A 10-minute self-assessment (decision path)
- Map the data: What personal data do you collect (including cookies/IDs), from whom (countries/states), and for what purposes (analytics, ads, personalization, support)?
List audiences by location: EU/EEA, UK, U.S. states, Brazil, Canada (incl. Quebec), Singapore, etc.
Check thresholds:
- California: $25M revenue or 100k residents/households or ≥50% revenue from selling/sharing.
- Colorado: 100k consumers or 25k + revenue from sales.
- GDPR/ePrivacy: Target EU/EEA residents or monitor behavior? Use cookies/SDKs requiring consent?
- LGPD/Canada/others: Do you collect from residents there?
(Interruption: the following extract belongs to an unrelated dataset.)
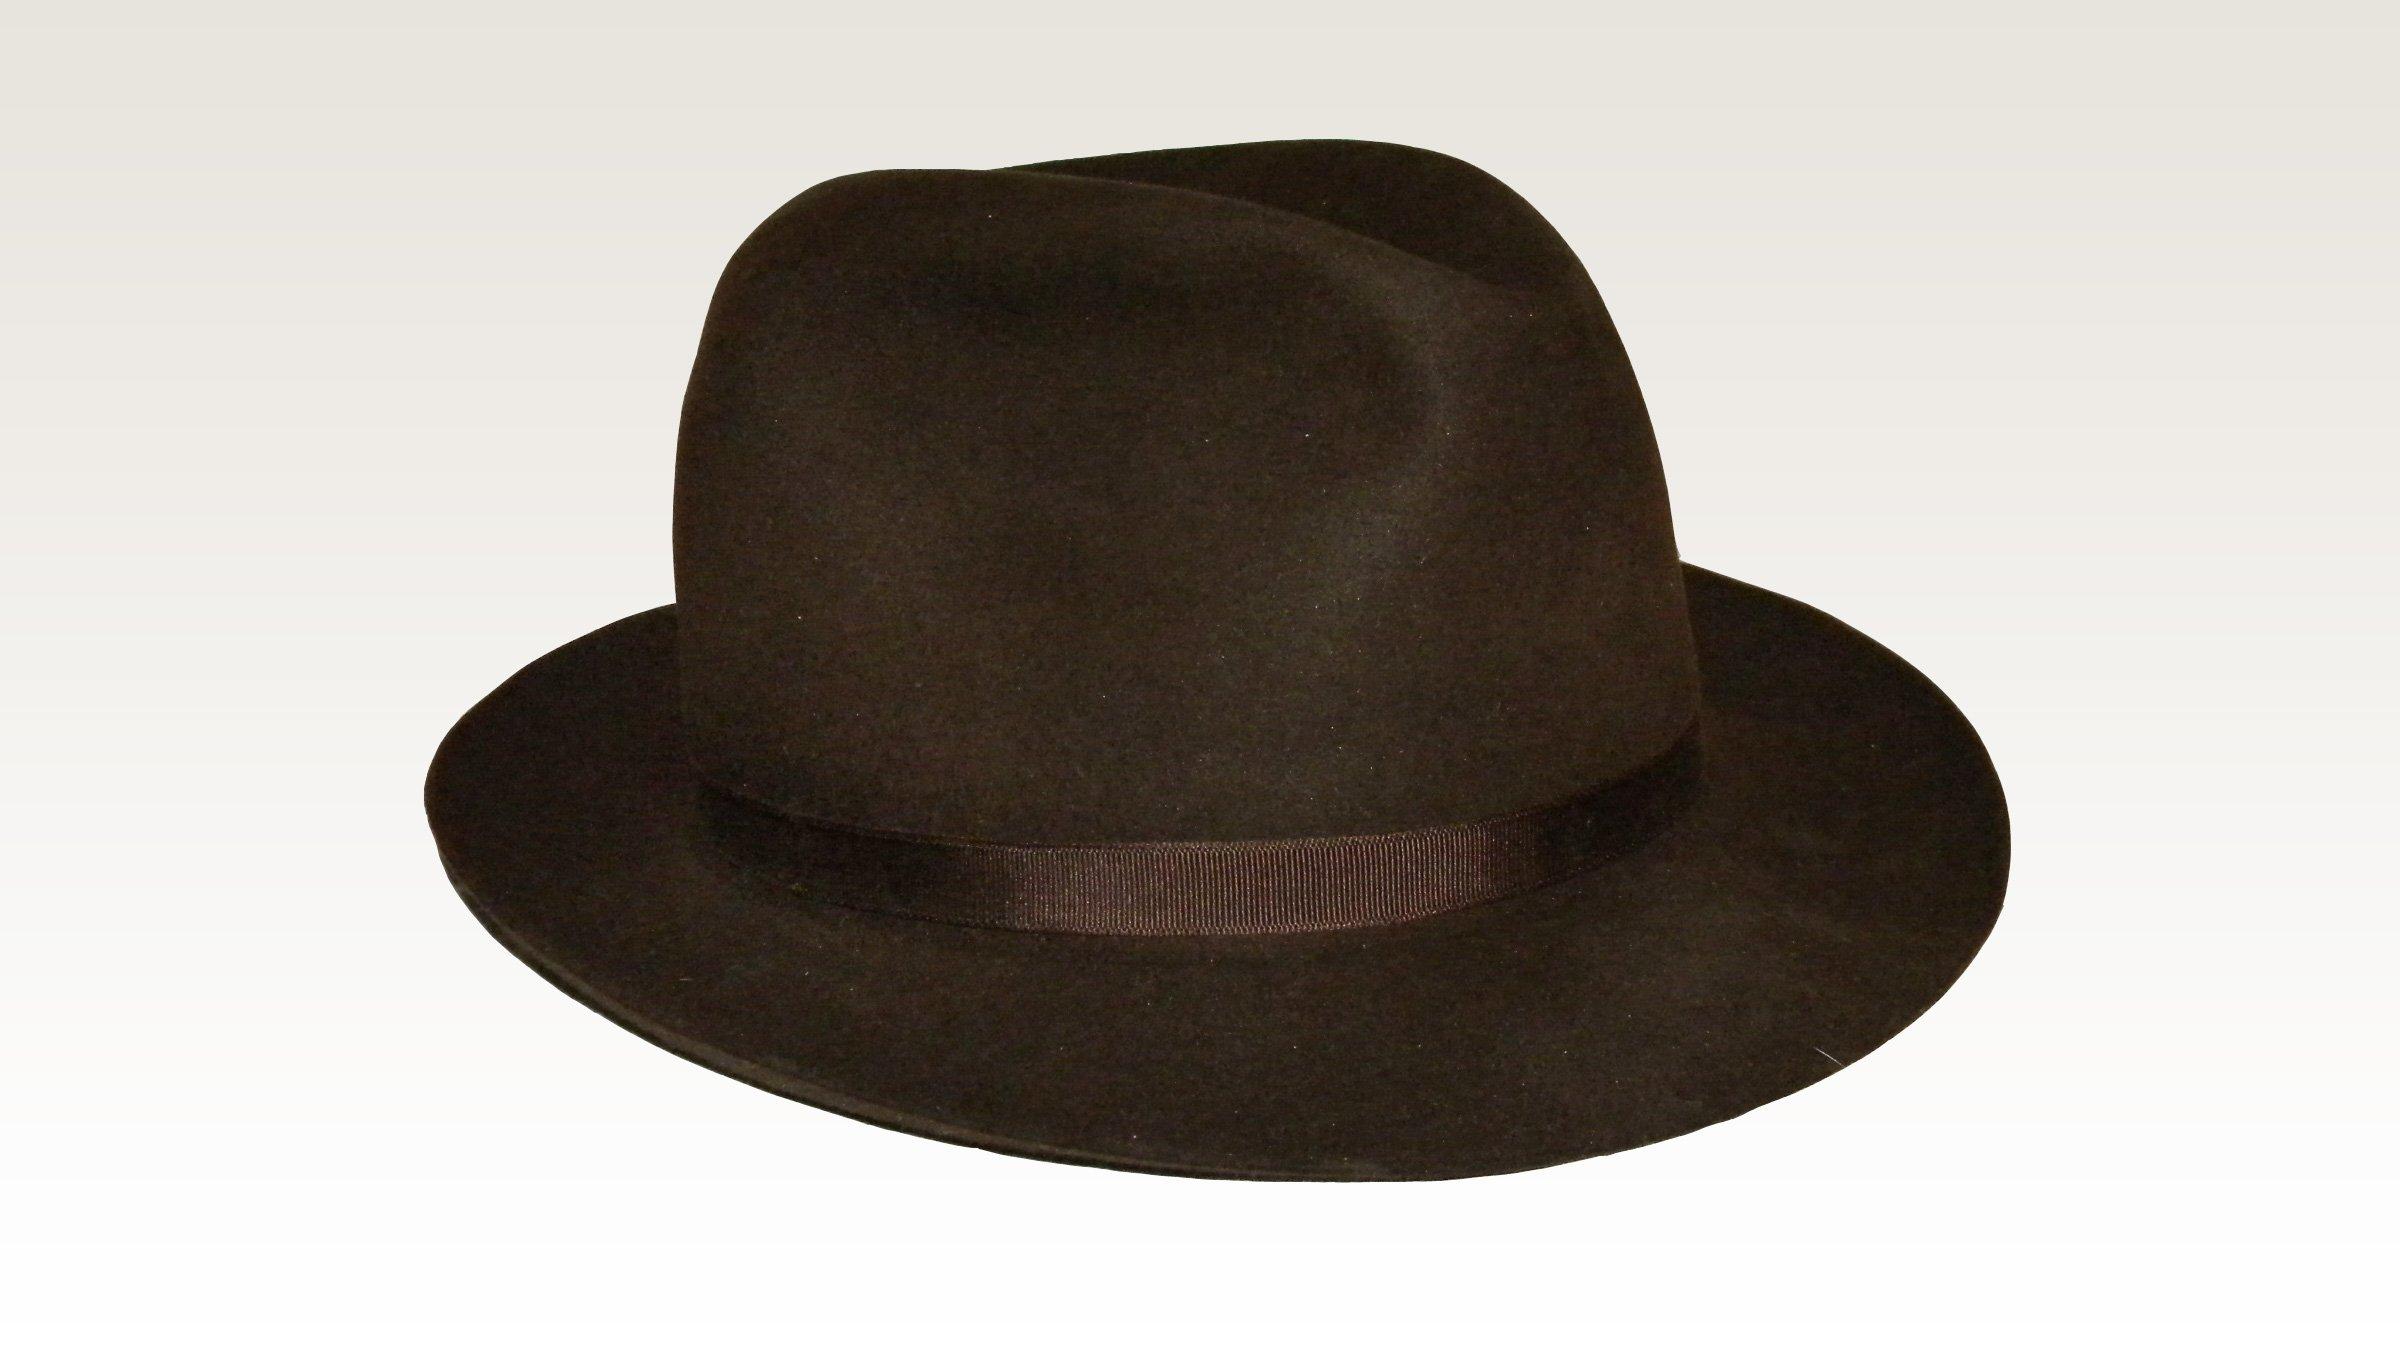 f3ff7ecbb33c8 My Lock Hats – The Suits of James Bond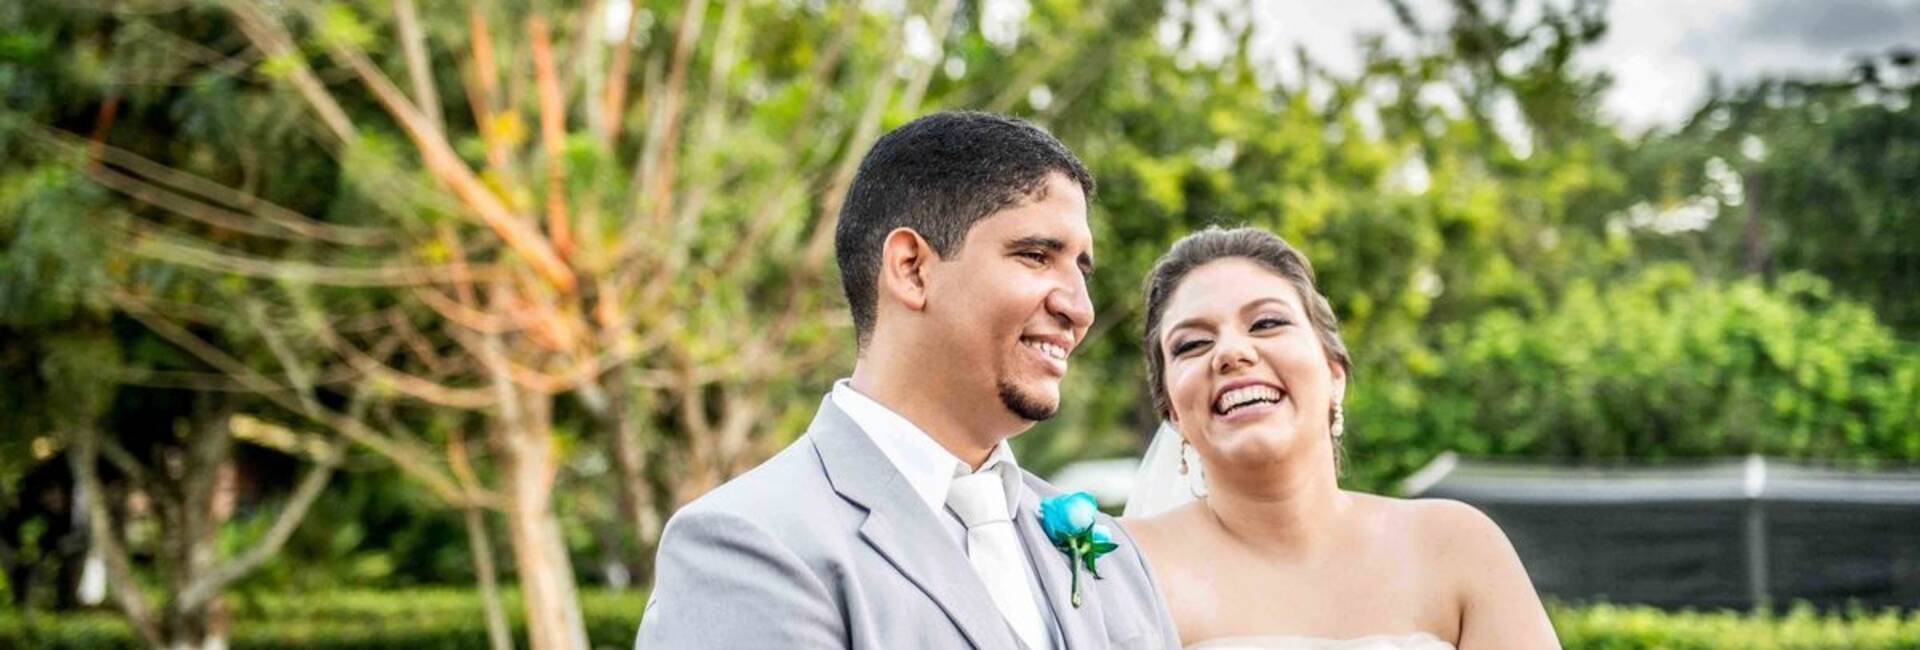 Casamento de Vanessa & Dalbert

If yes, assume applicability.
- Identify special data/uses: Health (HIPAA), finance (GLBA), children (COPPA), sensitive categories, selling/sharing for ads, cross-border transfers.
- Decide your role: Controller/processor (GDPR terms) or service provider/third party (U.S. terms). Your role changes your obligations.
- Document your conclusion: Keep a short record of which laws you believe apply and why. It becomes your accountability artifact.
What “compliance” usually means in practice
- Consent and preferences: When the law requires consent (e.g., EU ePrivacy for most cookies; GDPR for certain processing), show a banner, record choices, and respect GPC/“Do Not Track” if your policy says so. (Cookie Compliance supports consent banners, GPC detection, and consent logs.)
- Notices: Maintain a privacy notice tailored to the applicable regimes (EU, CA, CO, etc.).
- Data rights: Provide access/deletion/opt-out controls where required.
- Contracts: Put DPA/DPAs and state law addenda in place with vendors.